Exonerated Texas Woman Remains in Custody Under ICE Detainer Following Twenty Year Wrongful Conviction
Carmen Mejia was declared innocent of a 2005 murder, but an ICE detainer prevents her release. Her legal status was lost due to the wrongful conviction.
By: AXL Media
Published: Mar 10, 2026, 5:09 AM EDT
Source: The information in this article was sourced from FOX 7 Austin.

Formal Exoneration After Decades of Injustice
On Monday, March 9, a Travis County judge officially declared Carmen Mejia innocent of the 2005 murder of a 10 month old baby. Mejia had served 20 years of a life sentence based on what prosecutors now admit was a flawed investigation that assumed intentional harm. The Texas Court of Criminal Appeals had previously overturned the conviction in January after a post conviction hearing in 2024 revealed that one of the baby's siblings accidentally turned on scalding water while the child was in the bathtub. The medical examiner subsequently changed the official manner of death from homicide to accident.
The Role of Federal Immigration Detainers
Despite the court's finding of "actual innocence," Mejia was not released from the Travis County Jail. Instead, she remains in custody due to an ICE detainer. Legal experts from the Innocence Project, who represented Mejia, explained that her legal residency status was stripped away automatically following her 2005 conviction. Because that conviction has only just been vacated, the federal government still classifies her as a deportable individual. This case mirrors a broader trend in Texas where approximately 12,000 to 15,000 ICE detainers are issued annually to local jails, often complicating the release of individuals even when local charges are dropped or overturned.
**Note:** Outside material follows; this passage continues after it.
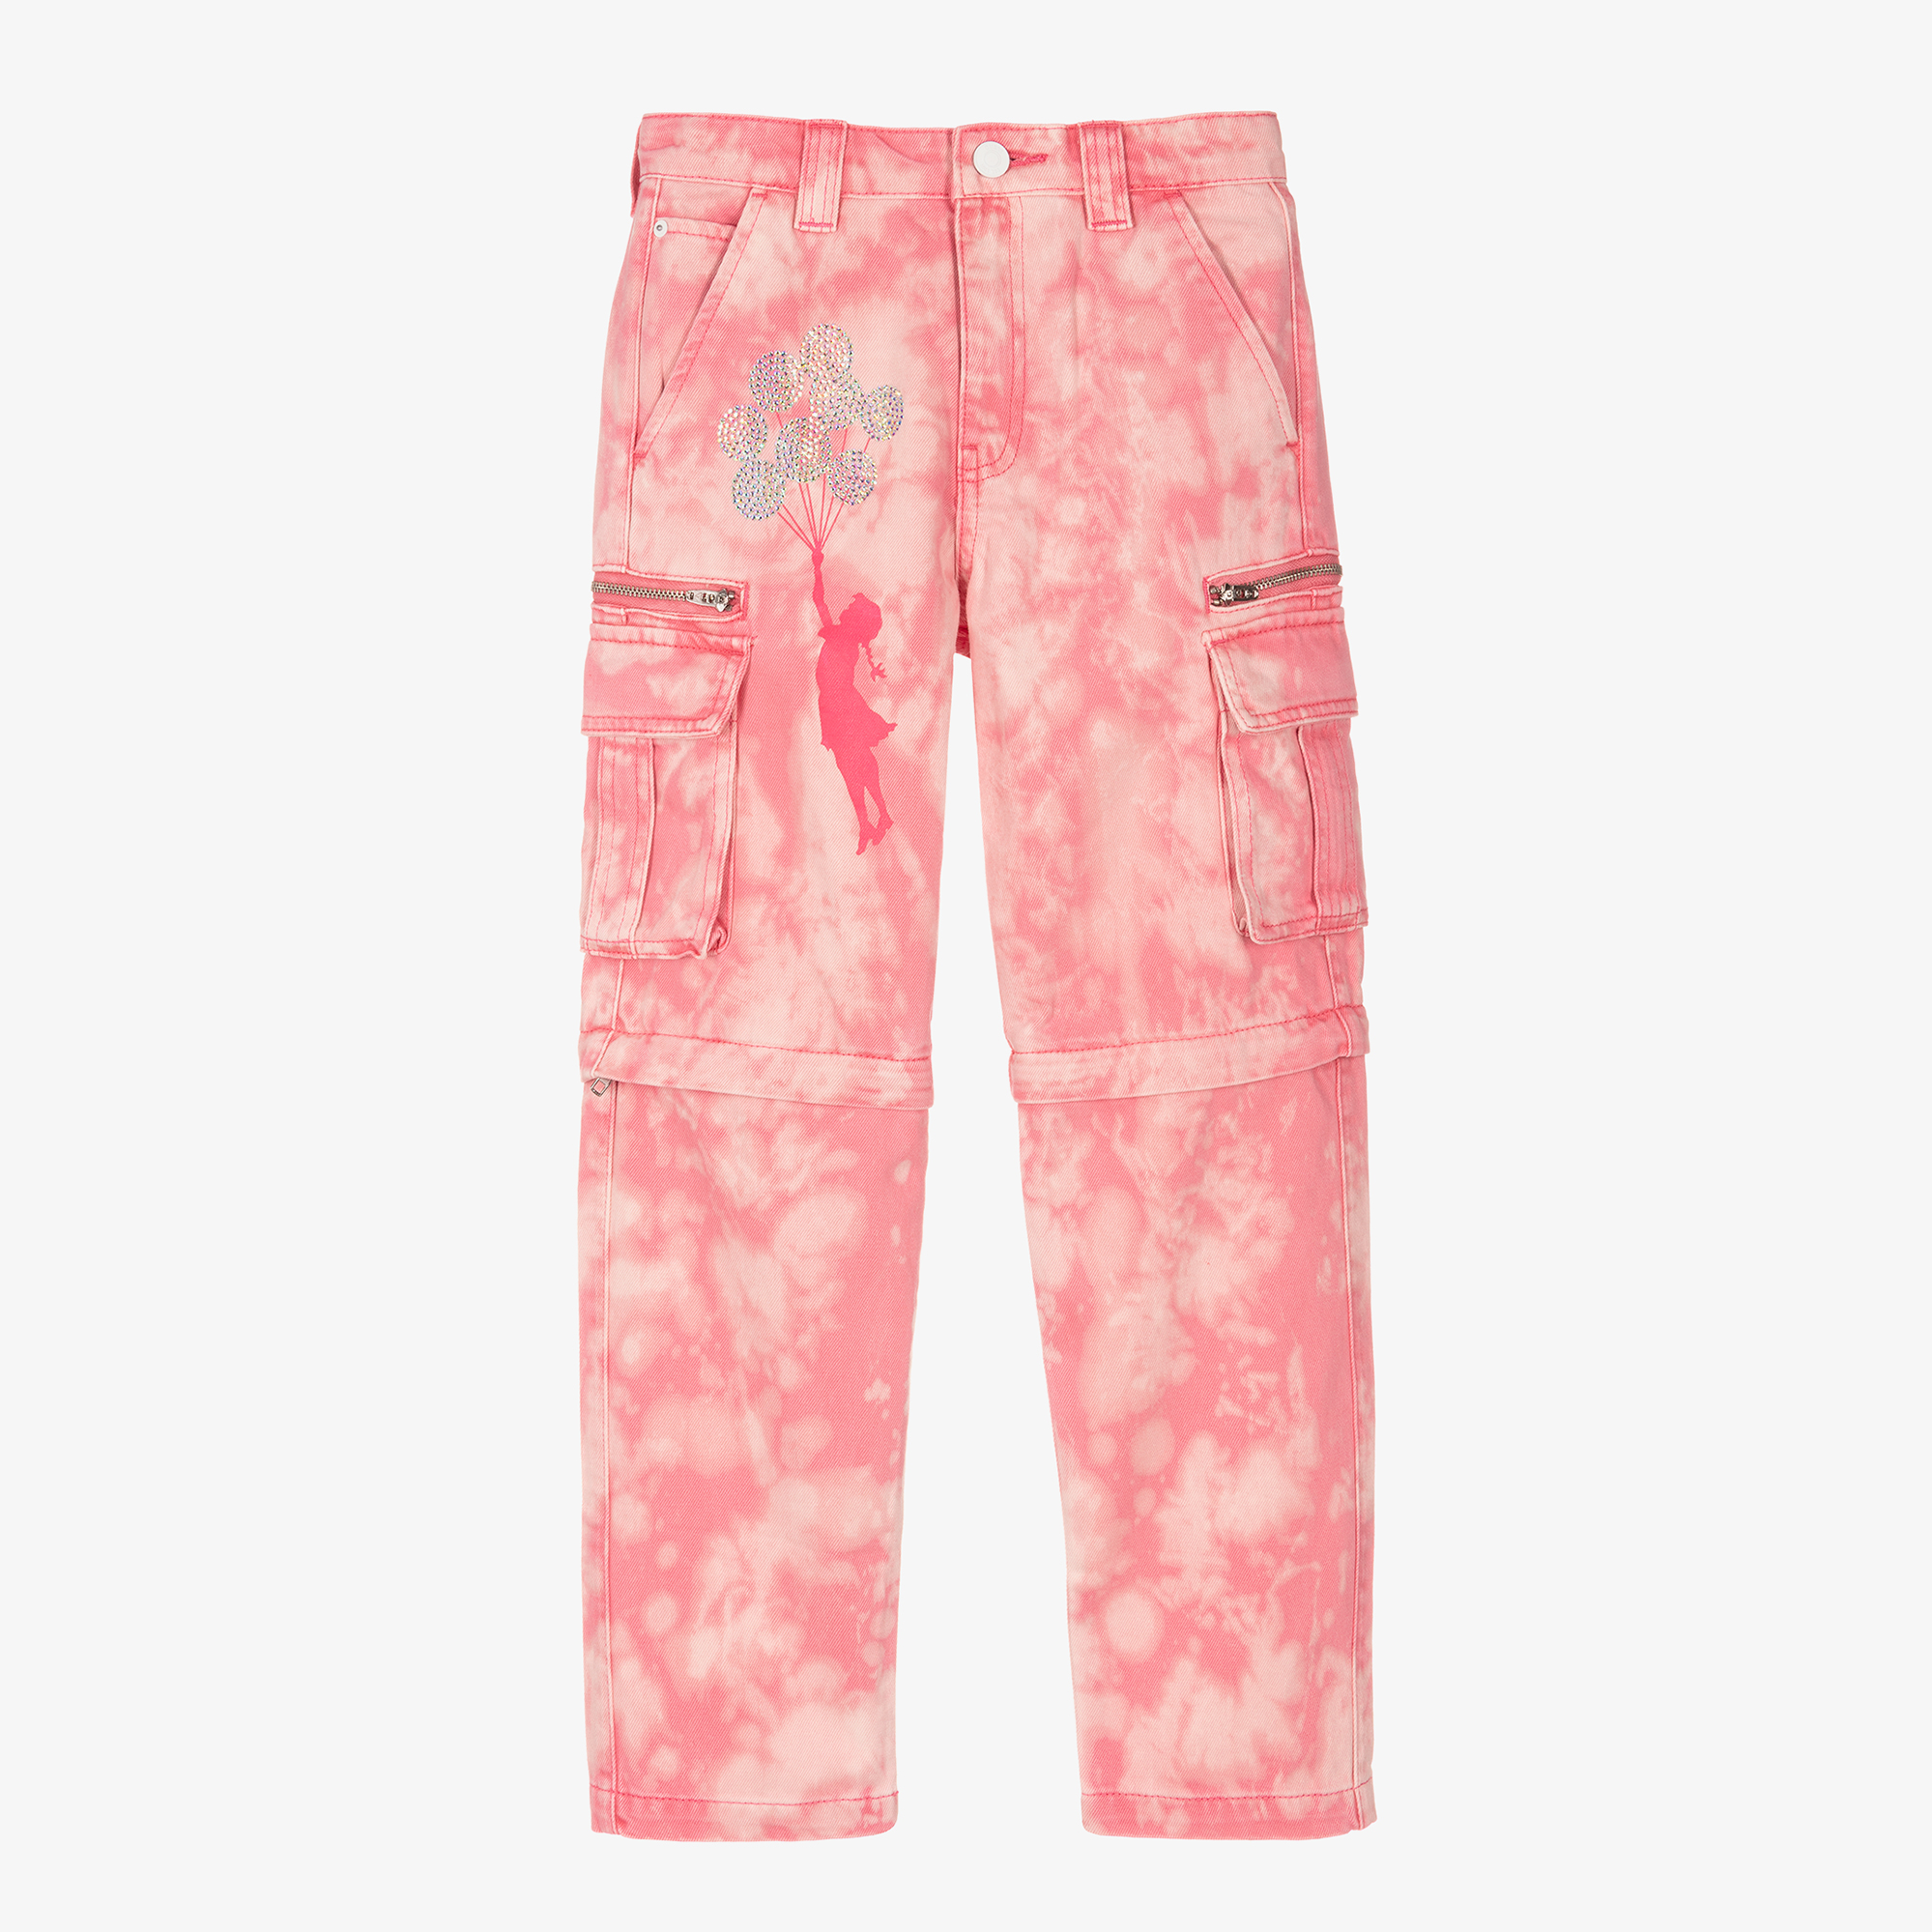 https://www.childrensalonoutlet.com/media/catalog/product/g/u/guess-teen-girls-pink-banksy-cargo-jeans-498403-939d423ed9b2543f8d8002431badf73024b0d7a9.jpg

Public and Political Outcry
The decision to maintain the detainer has drawn sharp criticism from civil rights advocates and political leaders. U.S. Representative Greg Casar condemned the continued incarceration, stating that the federal government should not be detaining "innocent Austinites" who have already suffered decades of state error. Vanessa Potkin of the Innocence Project noted that detaining Mejia now only compounds the original injustice, preventing her from reconnecting with children who were taken from her when they were infants.